1 Department of Radiology, Neuroradiology Division, University of Virginia, PO Box 800170, Charlottesville, VA 22908-0170.
AJR Am J Roentgenol. 2015 Jan;204(1):15-9. doi: 10.2214/AJR.14.12622.
The purpose of this study is to evaluate national trends in lumbar puncture (LP) procedures and the relative roles of specialty groups providing this service.
Aggregated claims data for LPs were extracted from Medicare Physician Supplier Procedure Summary master files annually from 1991 through 2011. LP procedure volumes by specialty group and place of service were studied.
Between 1991 and 2011, the overall numbers of LP procedures increased, with a slight increase in diagnostic LP procedures (90,460 vs 90,785) and a marked increase in therapeutic LP procedures (2868 vs 6461) in Medicare fee-for-service beneficiaries.
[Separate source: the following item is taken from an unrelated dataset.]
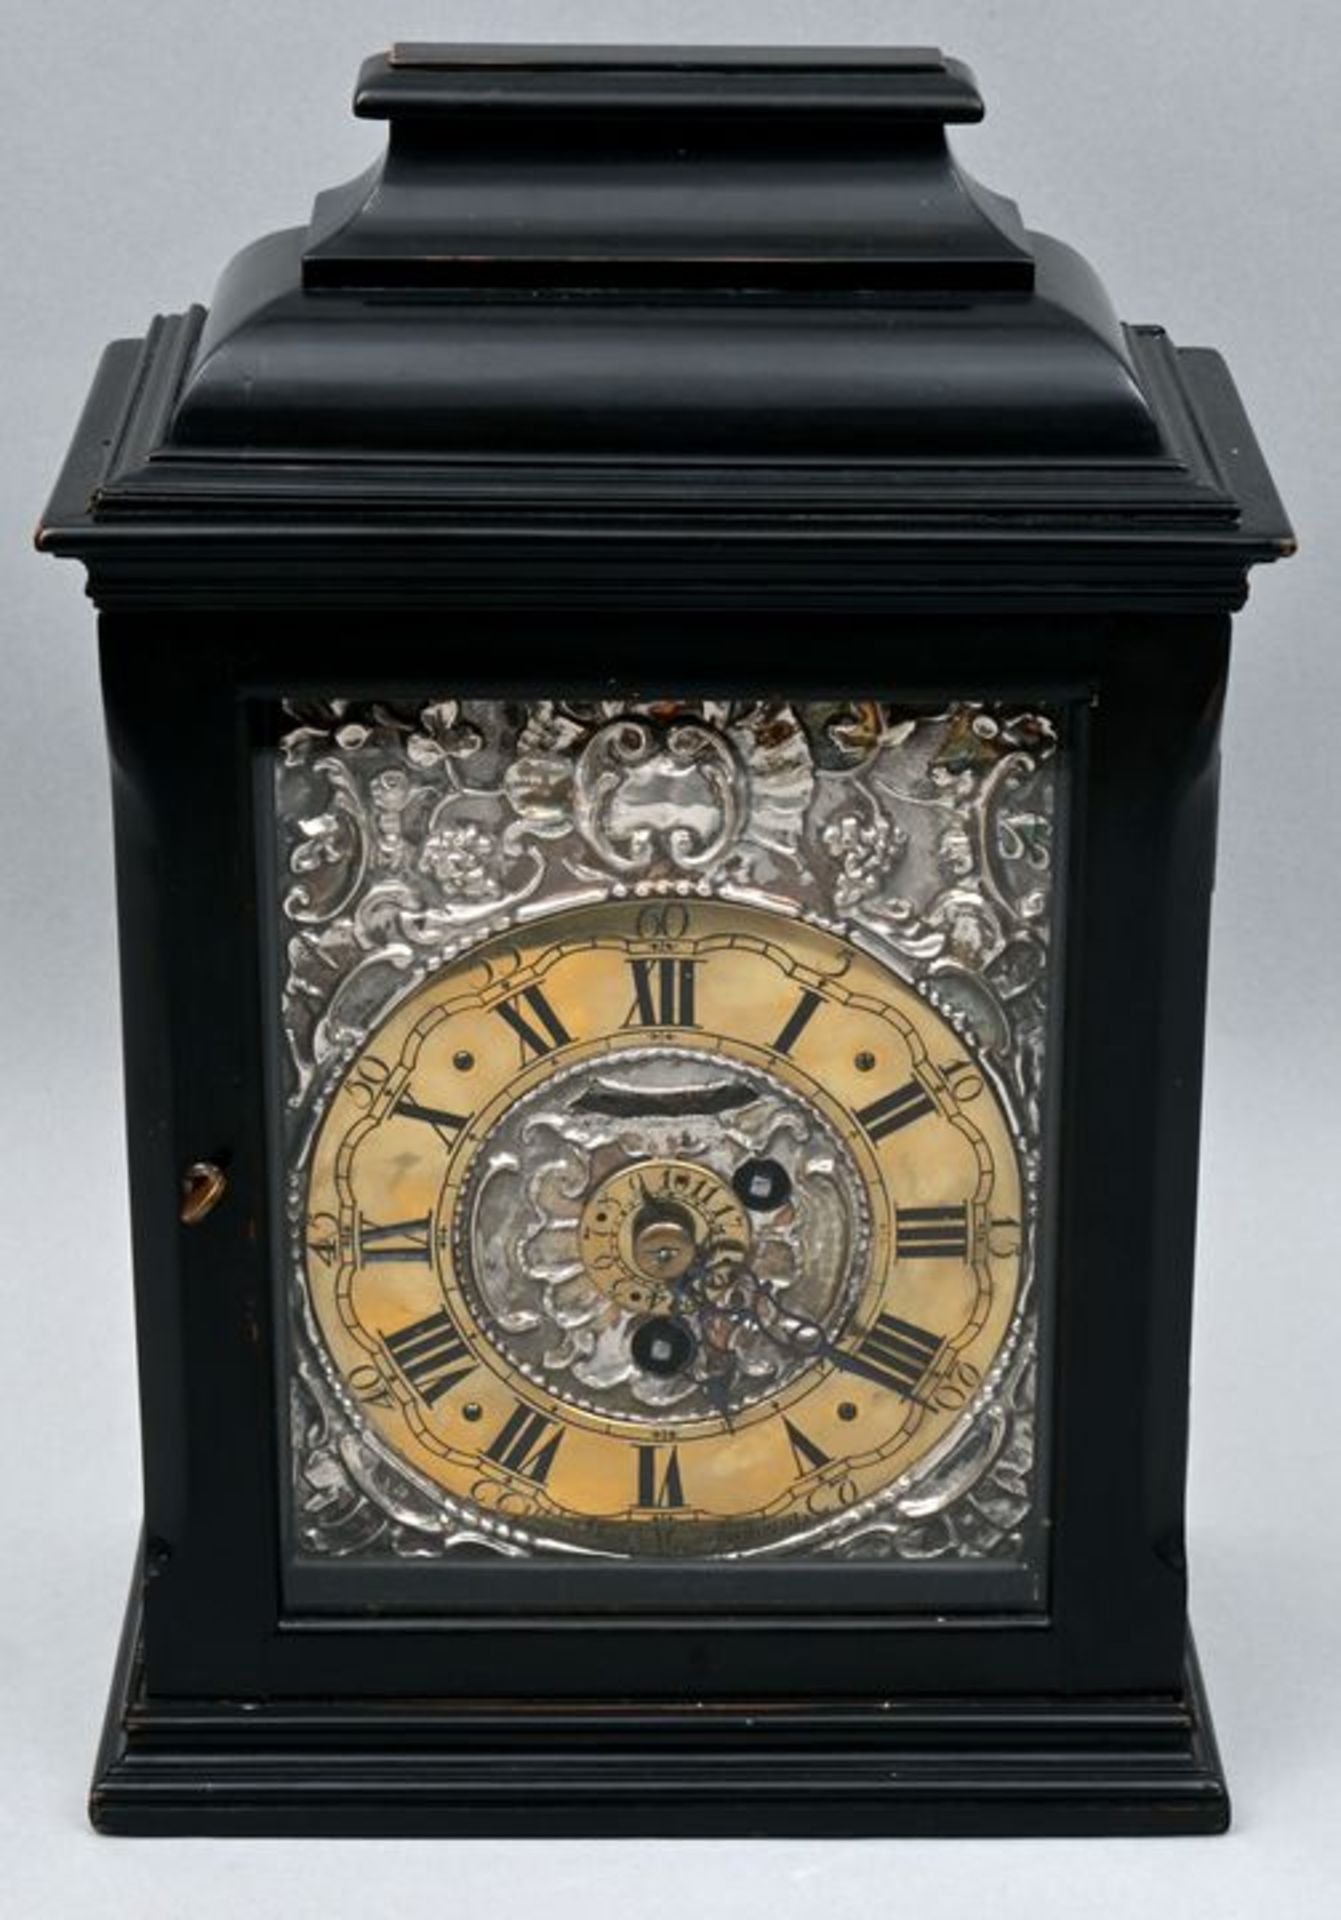 Stockuhr, U. Hepp Augs. / Bracket clock

Although radiologists performed 11.3% (n = 10,533) of all LP procedures in 1991, they performed 46.6% (n = 45,338) in 2011. For diagnostic LPs, radiology (11.4% [n = 10,272] in 1991 and 48.0% [n = 43,601] in 2011) now exceeds emergency medicine, neurosciences, and all others as the dominant provider group. For therapeutic LP procedures, radiology now performs the second greatest number of LP procedures (9.0% [n = 261] in 1991 and 26.9% [n = 1737] in 2011). Although volumes remain small (< 10% of all procedures), midlevel practitioners have experienced over 100-fold growth for most services. The inpatient hospital setting remains the dominant site of service (71,385 in 1991 vs 44,817 in 2011: -37%), followed by procedures performed in the emergency department (297 in 1991 vs 26,117 in 2011: 8794%).
Over the last 2 decades, LP procedures on Medicare beneficiaries have increased, with radiology now the dominant overall provider. Although this trend may have relatively negative financial implications for radiology practices in current fee-for-service payment models, it has the potential to cement radiology's more central position through direct involvement in patient care in emerging accountable care organizations.
本研究旨在评估腰椎穿刺(LP)程序的国家趋势以及提供该服务的专业团体的相对作用。
从 1991 年至 2011 年,每年从 Medicare 医师供应商程序摘要主文件中提取 LP 汇总索赔数据。研究了按专业团体和服务地点划分的 LP 程序量。
1991 年至 2011 年间,总体 LP 程序数量增加,诊断性 LP 程序略有增加(90460 次 vs 90785 次),治疗性 LP 程序显著增加(2868 次 vs 6461 次)在 Medicare 按服务收费的受益人群中。尽管放射科医生在 1991 年进行了所有 LP 程序的 11.3%(n=10533),但在 2011 年进行了 46.6%(n=45338)。对于诊断性 LP,放射科(1991 年为 11.4%[n=10272],2011 年为 48.0%[n=43601])现在超过了急诊医学、神经科学和其他所有专业,成为主导服务群体。对于治疗性 LP 程序,放射科现在进行的 LP 程序数量排名第二(1991 年为 9.0%[n=261],2011 年为 26.9%[n=1737])。尽管数量仍然很小(<所有程序的 10%),但中级从业者的大多数服务增长了 100 多倍。住院医院仍然是主要的服务地点(1991 年为 71385 次,2011 年为 44817 次:-37%),其次是在急诊科进行的程序(1991 年为 297 次,2011 年为 26117 次:8794%)。
在过去的 20 年里,Medicare 受益人的 LP 程序有所增加,放射科现在是整体上的主要提供者。尽管这种趋势在当前的按服务收费支付模式下可能对放射科实践产生相对负面的财务影响,但它有可能通过在新兴的责任医疗组织中直接参与患者护理,巩固放射科更核心的地位。